JD.com (JD -2.14%) is one of the biggest e-commerce companies in China and, based on direct sales, the biggest retailer in China. The company competes closely with Alibaba, which operates based on a marketplace model, and PDD Holdings, an upstart discount online retailer.

While JD.com has grown rapidly throughout most of its history, more recently, the company struggled with intensifying price competition with Alibaba and PDD's Pinduoduo, weak consumer demand in China following the COVID-19 lockdowns, and a regulatory crackdown in China on the sector, which weighed on JD.com and its peers.

In the first quarter, revenue rose 7% year over year, its best performance in two years and a sign that more aggressive discounts may be helping the company win back market share. Despite the e-commerce price wars, JD.com grew adjusted operating income roughly 9% year over year to $1.2 billion in the quarter.

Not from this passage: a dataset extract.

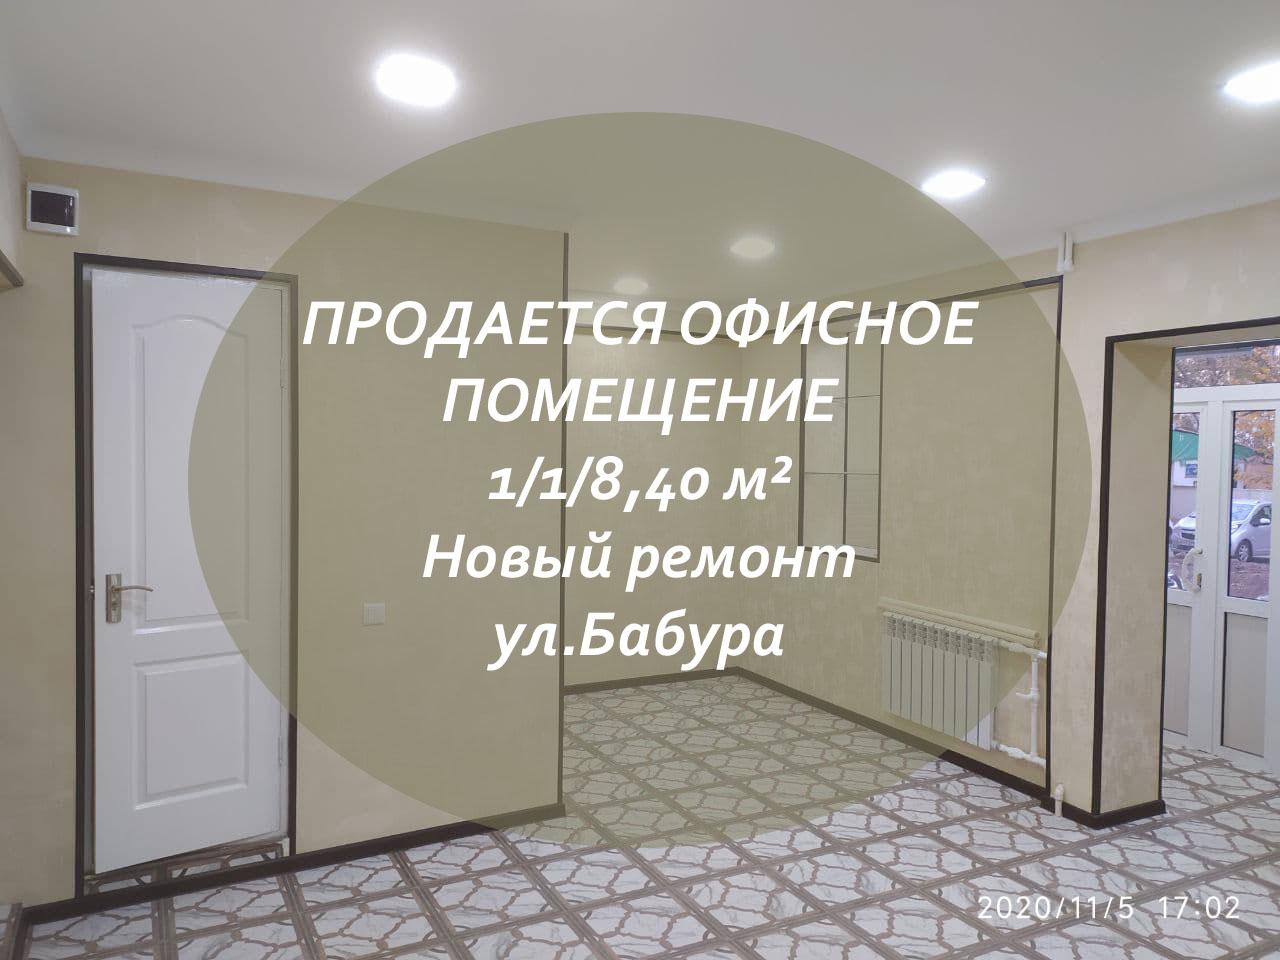 Купить офис 40 кв.м на ул.Бабура в Ташкенте
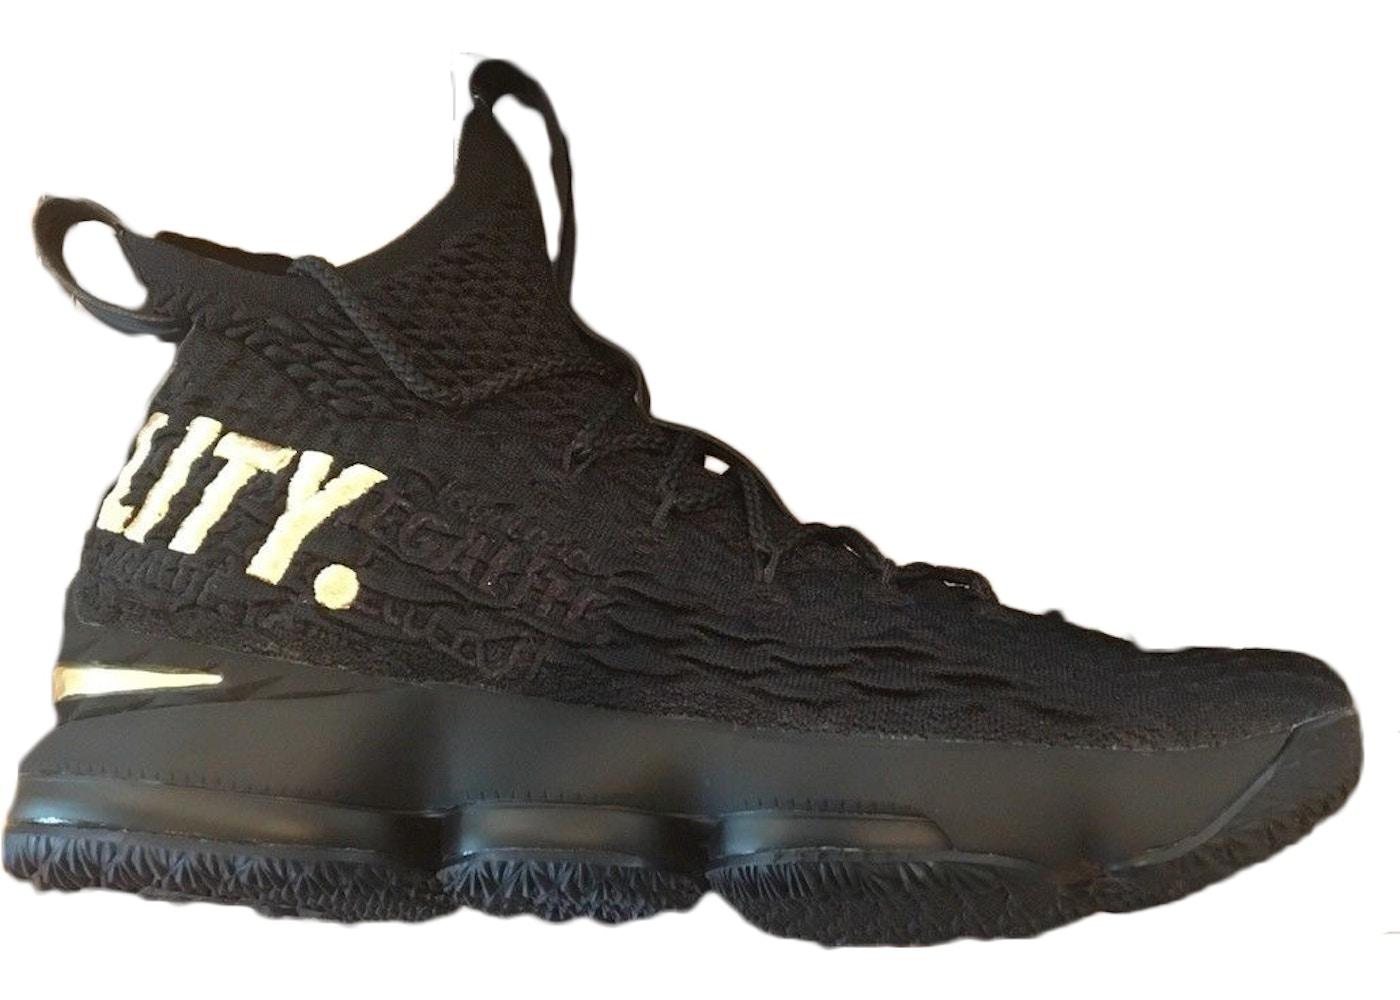 fb9238774b123 Nike LeBron Shoes - Highest Bid

How JD.com has performed over the last five years

In recent weeks, JD.com has rebounded off its recent lows following better-than-expected results in its first-quarter earnings report. The chart below shows how JD.com has performed over the last five years based on an initial $10,000 investment. As you can see, the stock soared before falling sharply as the pandemic boom gave way to the more recent struggles.

JD Total Return Level Chart

Data by YCharts.

The chart shows that a $10,000 investment in JD.com stock five years ago would now be worth $12,380, including dividends reinvested. That would significantly underperform the S&P 500, which has more than doubled in that time.

JD.com could continue its recovery, but the challenges facing Chinese e-commerce companies remain. While the stock looks cheap at a price-to-earnings ratio of 16, there's a lot of uncertainty facing the company in China.